U.S. government agencies will need the help of companies while developing a set of cybersecurity standards that President Barack Obama has called for in an executive order signed last month, administration officials said.
The Obama administration will look to private industry for cybersecurity standards and best practices on which to base the voluntary framework focused on reducing risks to companies providing critical infrastructure, representatives of the U.S. Department of Commerce and sub-agency the U.S. National Institute of Standards and Technology said Monday during a briefing on the executive order.
The government will not push through its own idea of what the standards should look like, said Ari Schwartz, senior policy adviser in the Department of Commerce.
"This is not one of those examples of, 'we're from the government, and we're here to help,'" Schwartz added. "It's, 'we're from the government, and we need your help.'"
Even with industry participation, the framework could contain some rigorous standards aimed at improving cybersecurity for businesses identified as critical infrastructure, said some lawyers at Venable, the law firm hosting Monday's briefing. Existing security regulations for the electric utility and financial services industries may serve as models for the executive order's framework, Venable lawyers said.

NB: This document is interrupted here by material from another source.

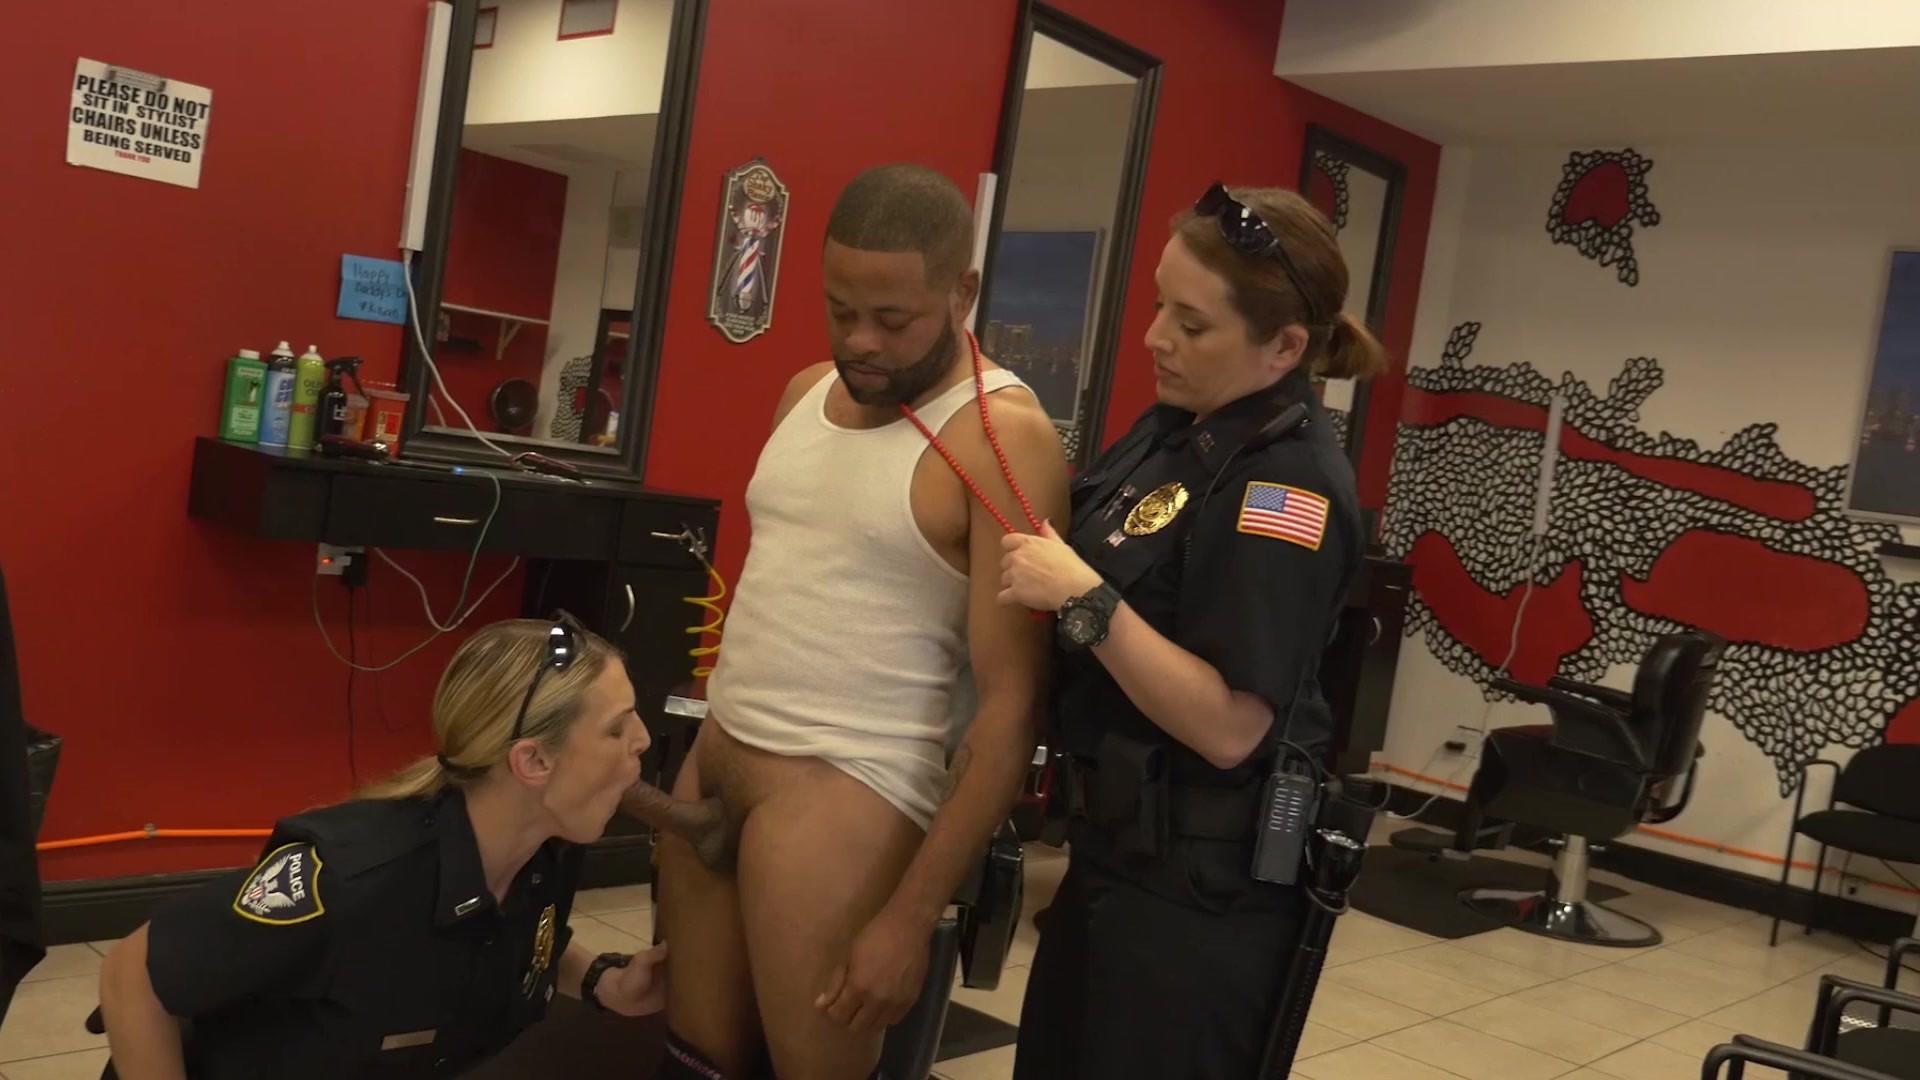 Super hot latina cop get fucked with tongue and big cock

The new standards will likely question how a company's network is designed and configured and who has access to the network, said Brian Zimmet, a partner in Venable's energy practice group. "Which ports are open and which ports are closed?" he said. "You're looking at being able to justify every single open port on your network and being able to articulate a valid business reason for having that port open."
The framework's standards prompt some changes at participating companies, he added.
"When your network was originally set up by your IT people, they set it up with an eye, generally, toward making the system work and making it as easy as possible for the company to do its business," Zimmet said. "When you start applying cybersecurity standards to this question, you're really looking at the opposite of what the IT guys were looking at when they designed the network."
The framework may also ask businesses to report cybersecurity breaches, as financial institutions now do, added Venable partner John Bowman, who works with the banking industry. Bowman's clients see current cybersecurity regulations on banks as a model for the framework, but some industries may not need as many regulations, he said.
The cybersecurity rules for the banking industry impose a "considerable" burden on those businesses, he said.
Obama's order tasks NIST with leading the effort to develop the cybersecurity framework, and the agency will host several workshops for interested people to comment, said Adam Sedgewick, senior Internet policy advisor at NIST. The first workshop is April 3 at NIST's headquarters in Gaithersburg, Maryland, near Washington, D.C.